[Data extracts Boundary: Start]

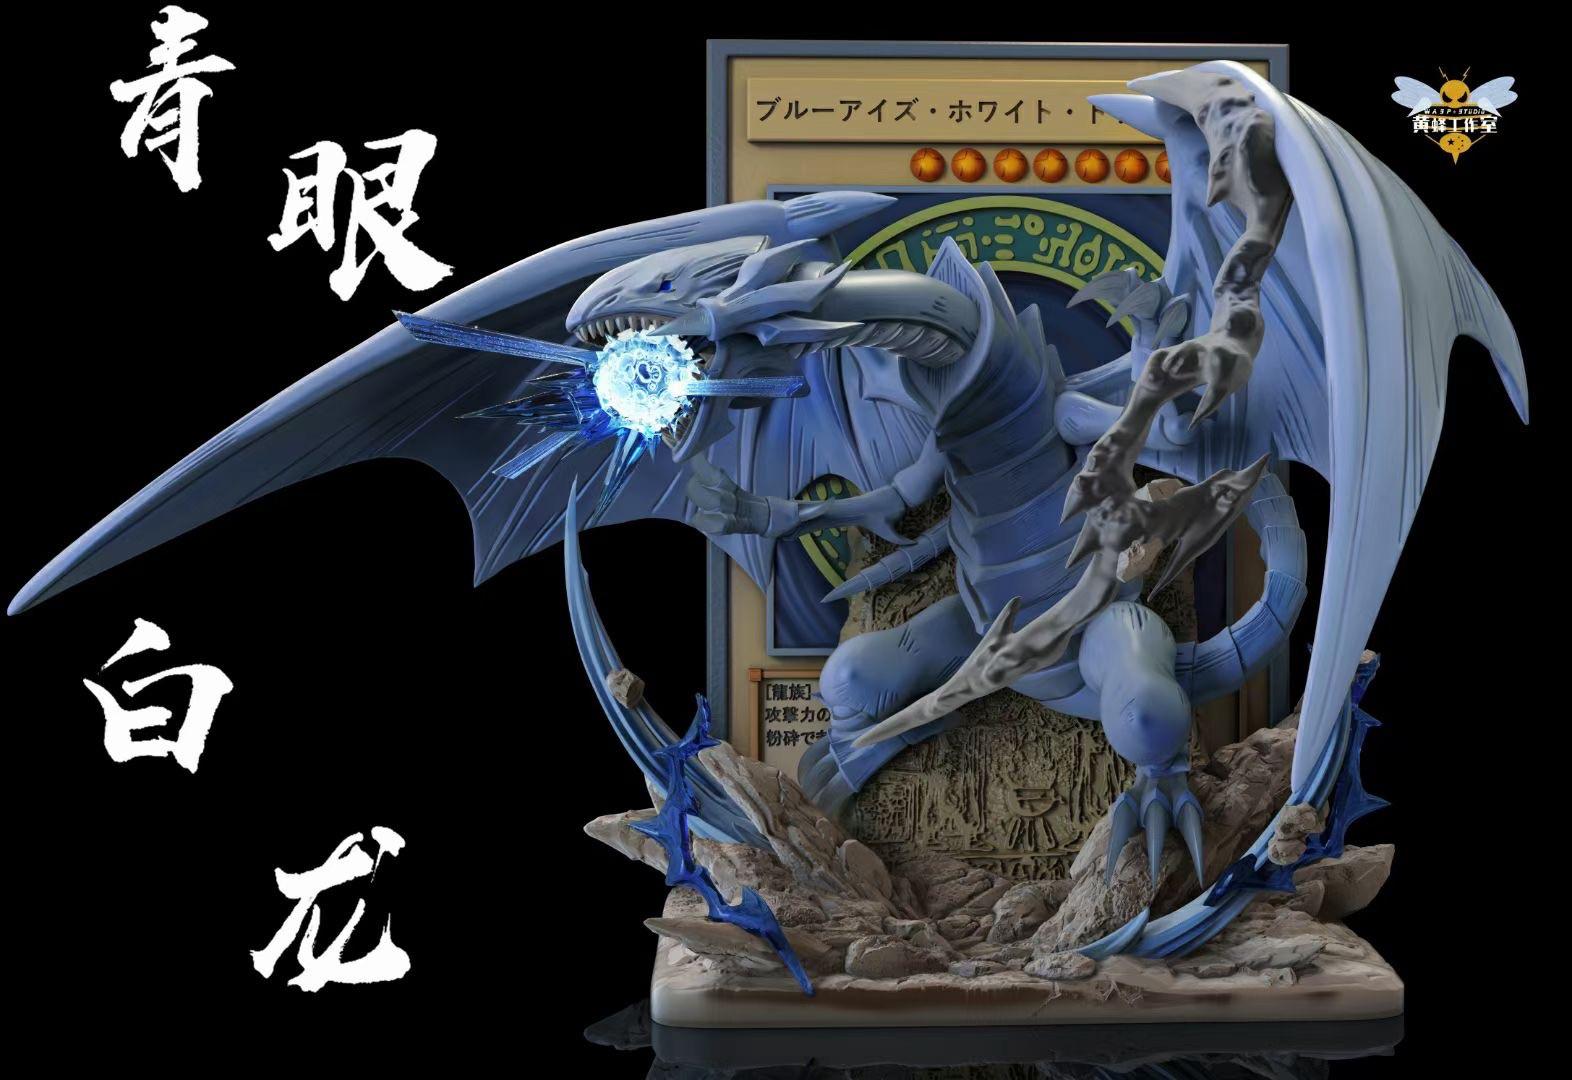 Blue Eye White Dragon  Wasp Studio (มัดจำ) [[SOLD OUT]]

[Data extracts Boundary: End]
[Data extracts Boundary: Start]

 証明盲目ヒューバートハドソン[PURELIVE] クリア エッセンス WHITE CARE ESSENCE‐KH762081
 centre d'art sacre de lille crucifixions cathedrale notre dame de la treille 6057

[Data extracts Boundary: End]
[Data extracts Boundary: Start]

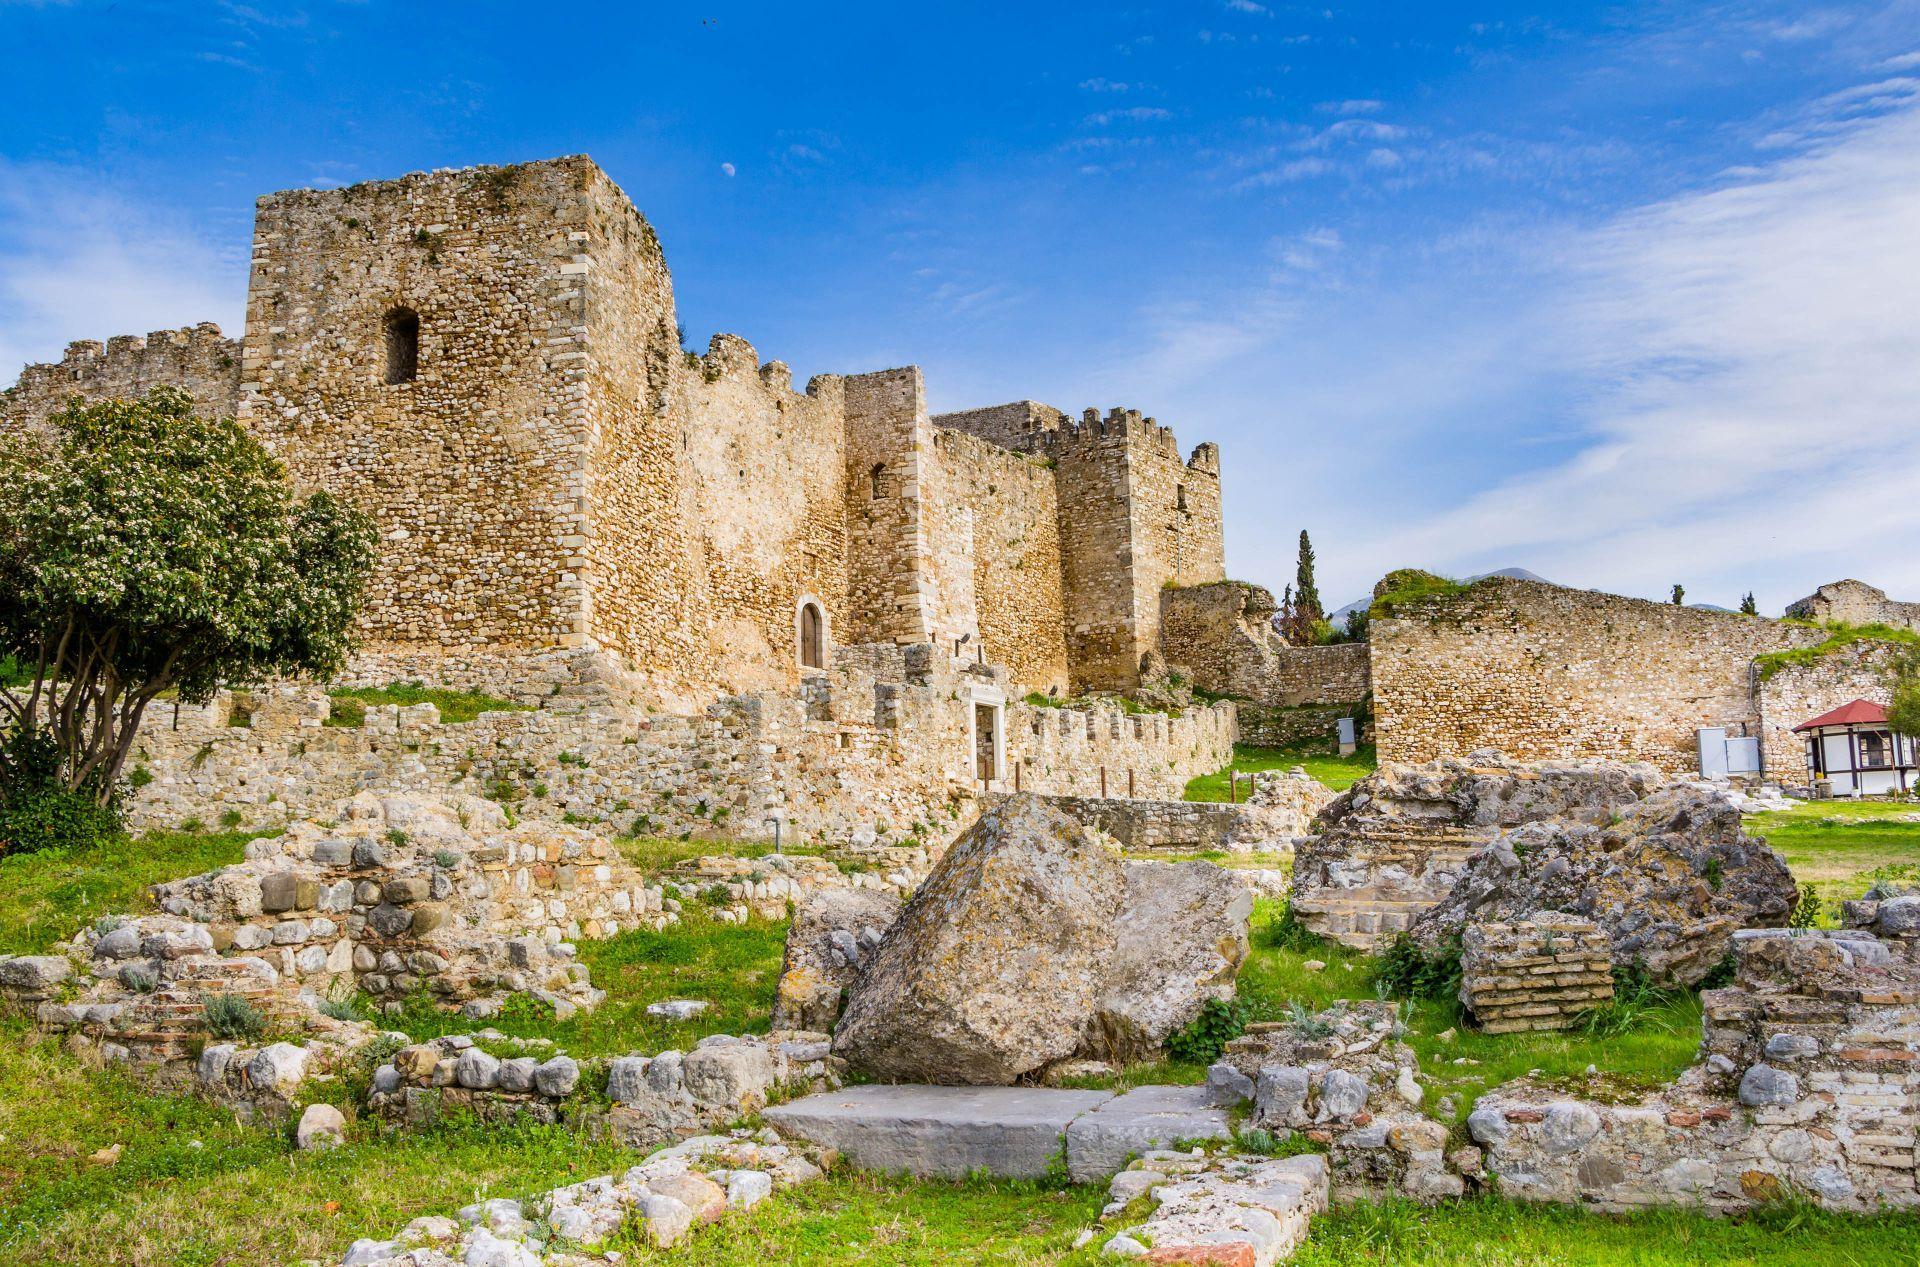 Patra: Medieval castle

[Data extracts Boundary: End]

■ Work instruction:
From the material above, copy exactly the lines between the line holding "証明盲目ヒューバートハドソン[PURELIVE] クリア エッセンス" and the line holding "centre d'art sacre", inclusive, and only those.

■ Response:
 証明盲目ヒューバートハドソン[PURELIVE] クリア エッセンス WHITE CARE ESSENCE‐KH762081
 centre d'art sacre de lille crucifixions cathedrale notre dame de la treille 6057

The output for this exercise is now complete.